6. Calculating and classifying the indices
Calculating the index of social vulnerability to flooding from standardised indicators involved the following five steps (summarised Figure 4):
- Indicators were grouped into 14 domains pertaining to themes such as health, income, social networks or housing characteristics (see Table 2).
- The standardised indicators (z-scores) were equally weighted within domains. This was done to avoid over-representing the domains with a larger number of indicators. For example, if there were 3 indicators within a domain, each of them had a weighting of 0.33; if there were 2 indicators, each of them had a weighting of 0.5. The weightings of the indicators are included in Appendix 1.
- The weighted indicators were added together to develop the dimensions of sensitivity, exposure, and ability to prepare, respond and recover.
- The dimensions of sensitivity, exposure, and ability to prepare, respond and recover were standardised and summed to form the vulnerability index.
- The vulnerability index was then standardised.
The index of disadvantage was then calculated by adding the standardised vulnerability index to the standardised hazard exposure index (Figure 4). The final step was the standardisation of the disadvantage index.
Figure 4. A schematic diagram showing the process of developing the indices of social vulnerability to flooding and flood disadvantage
This approach to assessing social vulnerability to flooding is based on equal weightings of the domains. This was discussed with the Steering Group and the case study local authorities. It has been recognised, based on the consultations with stakeholders within the ClimateJust project that it is next to impossible to achieve a consensus on the weighting of domains when involving stakeholders from different sectors or various local authority departments.
Therefore, in addition to the indices developed within this project, the users of the flood disadvantage dataset are encouraged to develop their own weightings if replicating the method. In the future, we recommend development of an online tool which would allow the users to freely select the indicators they see as suitable to their vulnerability assessment and enter the weights that are relevant to their locality or area of work.
The final outputs of the assessment of social vulnerability to flooding and flood disadvantage are maps, developed for Scotland as a whole as well as for the individual local authorities. The standardised indices of social vulnerability to flooding and flood disadvantage are classified using standard deviation (SD) value, which, for standardised indices, equals 1. The average values of social vulnerability to flooding and flood disadvantage are understood as those that concentrate within -/+0.5 SD from the mean (average) value. The larger the positive or negative value of the index, the further the values are from the mean value. The classes are summarised in Table 7.

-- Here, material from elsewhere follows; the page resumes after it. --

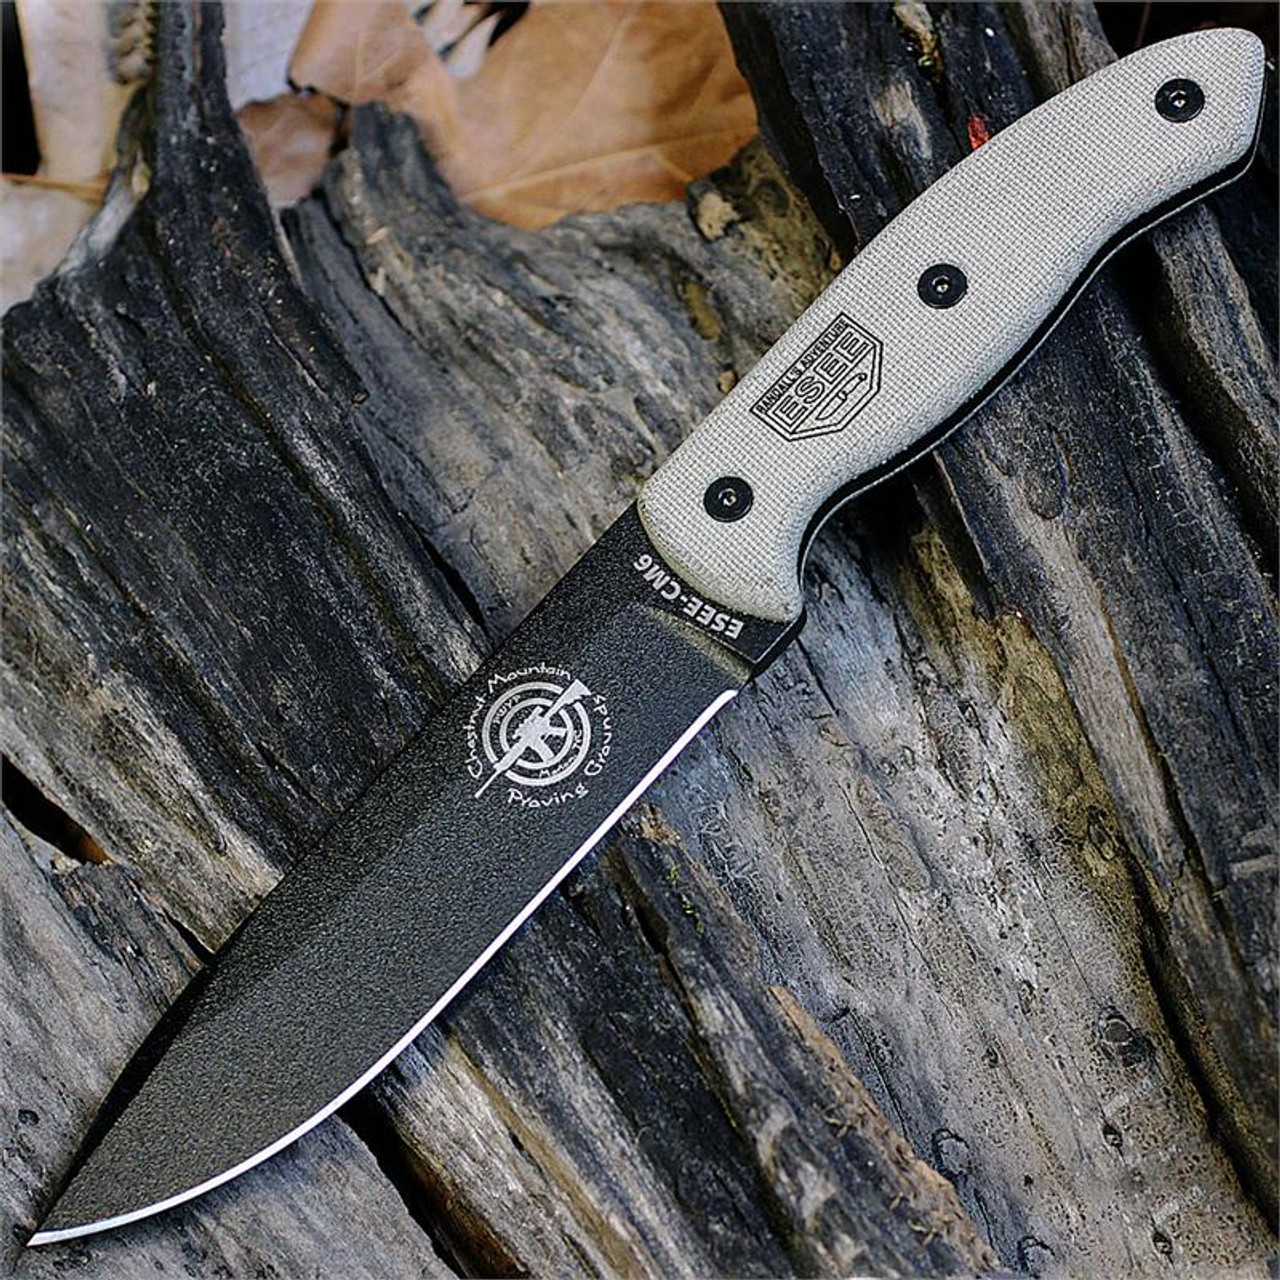 ESEE-CM6, Terrill Hoffman design
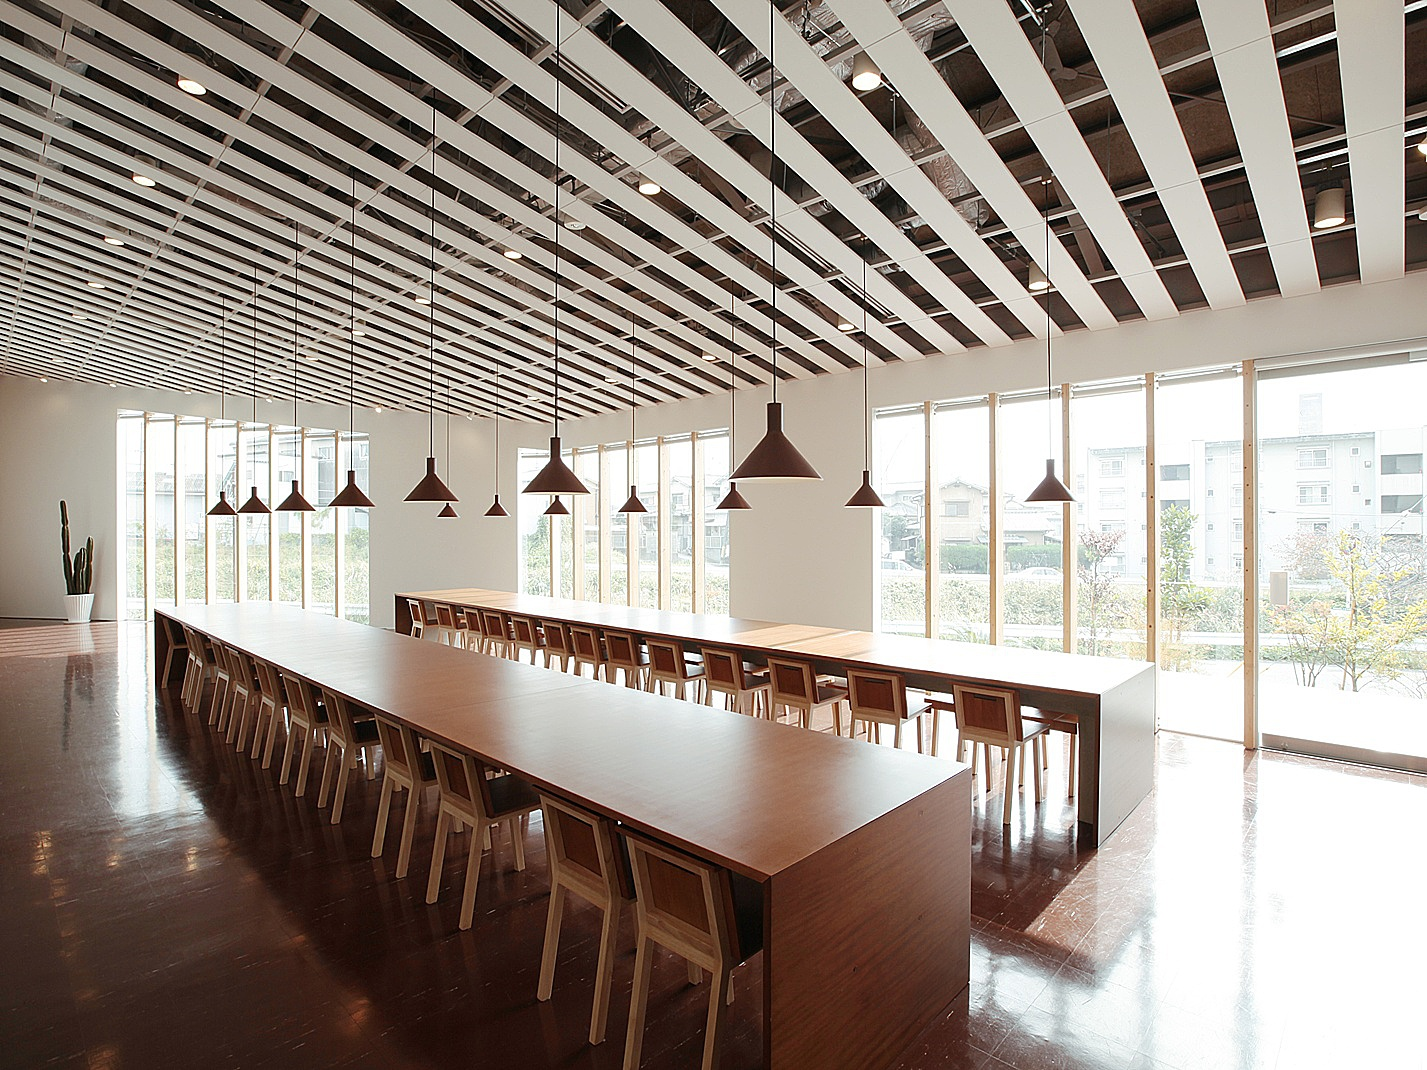 中川政七商店奈良本社の食堂

Table 7. Classes of social vulnerability to flooding and flood disadvantage
|Value of the standardised index||Level of vulnerability / disadvantage|
|1.5 - 2.5||Extremely high|
|0.5 - 1.5||Relatively high|
|-0.5 - 0.5||Average|
|-1.5 - -0.5||Relatively low|
|-2.5 - -1.5||Extremely low|
The method of classification based on SD was chosen in order to allow comparisons to the 'average' Scottish neighbourhood. The purpose of the assessment carried out for the entire country was to enable identification of the extreme and acute levels of vulnerability and disadvantage as locations where further investigation should be targeted, followed by action. The classification based on SD was also used in the NFRA (SEPA, 2011) to identify different levels of social vulnerability.
Whilst the classification based on SD allows identification of the areas with values far removed from the Scottish mean, this method may be less useful for users in local authorities, in particular in locations with little variation in vulnerability and disadvantage (e.g. where most of the neighbourhoods are close to average, or only range from relatively low to relatively high). The datasets containing the indicators (the simple spreadsheet and the spatial dataset) allow the end users in local authorities to apply their own classification. For example they could base them on quantiles, natural breaks or equal intervals to classify the data in a manner that would allow the identification of differences between data zones in terms of their vulnerability or disadvantage at the local level. In addition, the average values are provided in the simple spreadsheet with the data, not only for Scotland but also for each individual local authority.